It's not that the mother's body rejects it, it's that the having either extra information (an extra chromosome hanging out) or missing information (having only one chromosome when you should have two) results in a non-viable fetus. This would be due to having too much or too little of needed protein or some other form of imbalance that affects the growth and development.

I base this off the fact that, in humans, there are no known viable complete autosomal monosomies (Cri du Chat syndrome is a partial monosomy of chromosome 5) and only the three previously mentioned trisomies. Just because we never see individuals with monosomies or trisomies other than the ones mentioned absolutely does not mean they don't occur, but rather, that they are completely non-compatible with even advanced intra-uterine age, let alone extra-uterine viability.
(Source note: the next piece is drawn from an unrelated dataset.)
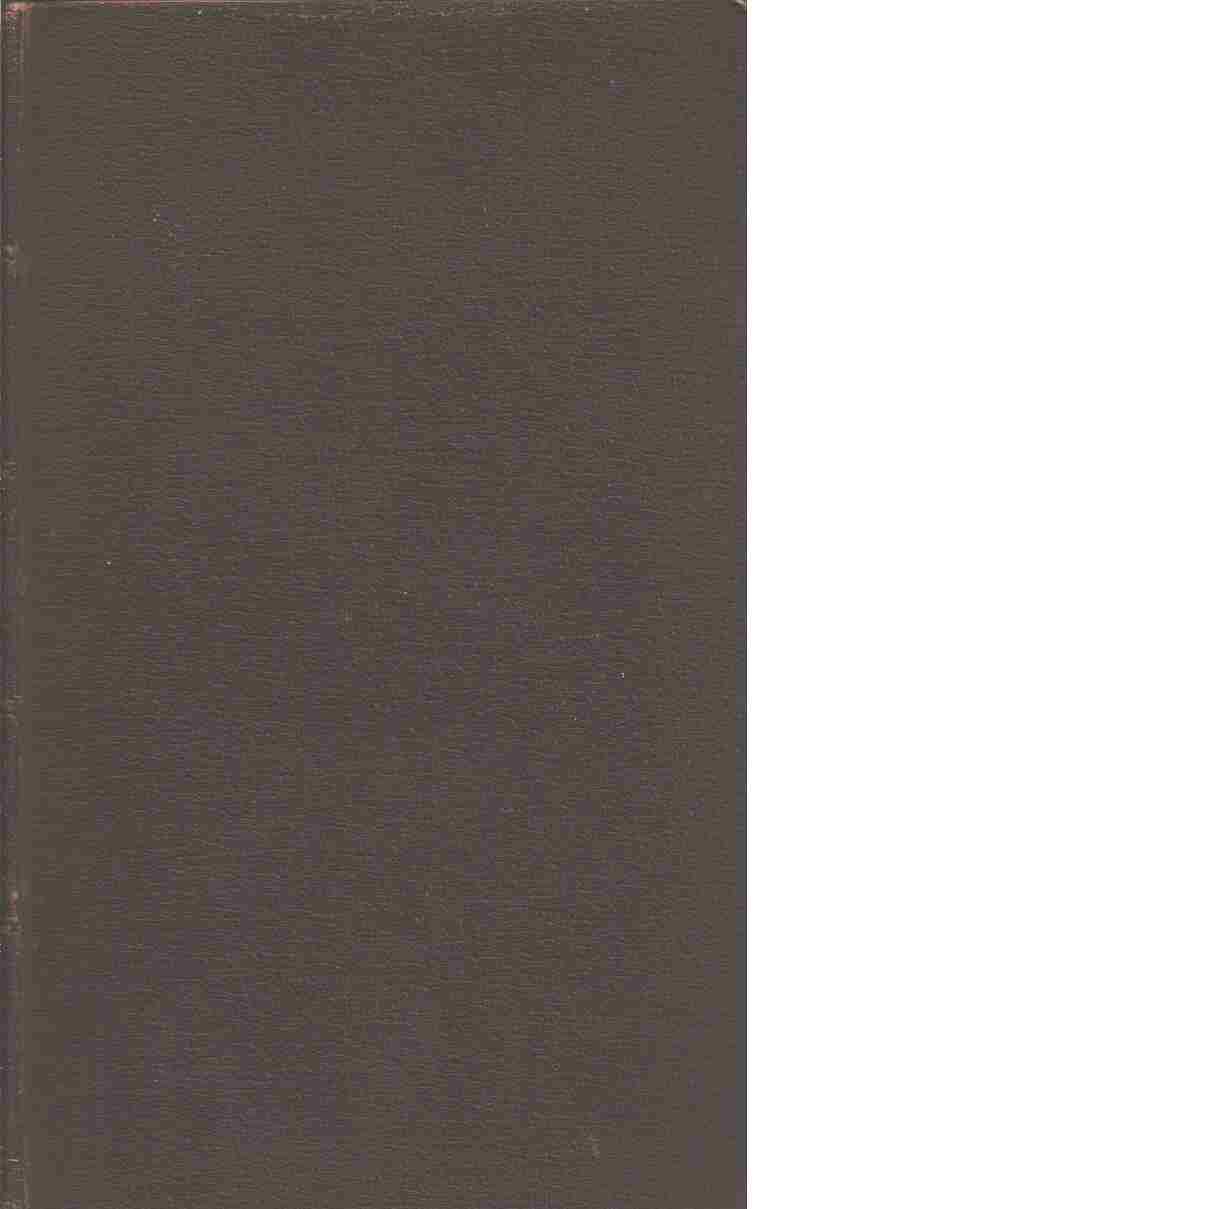 Samlade skrifter. Bd 6 : Poëtiska försök - Böttiger, Carl Wilhelm : Kullberg, A. C.

Further, in humans, more than 80% of all conceptions never make it to term, and roughly 50% of all conceptions have some sort of chromosomal anomaly that makes the pregnancy non-viable. It doesn't even necessarily have to be gross chromosomal abnormalities, as significant micro-deletions of chromosomes in the right places can create a non-viable pregnancy. Most often the pregnancy is spontaneously aborted within the first 4-6 weeks and so the woman doesn't even realize she's pregnant. (Not to open a can of worms, but these facts are one of my biggest arguments against the "life begins at conception" crowd).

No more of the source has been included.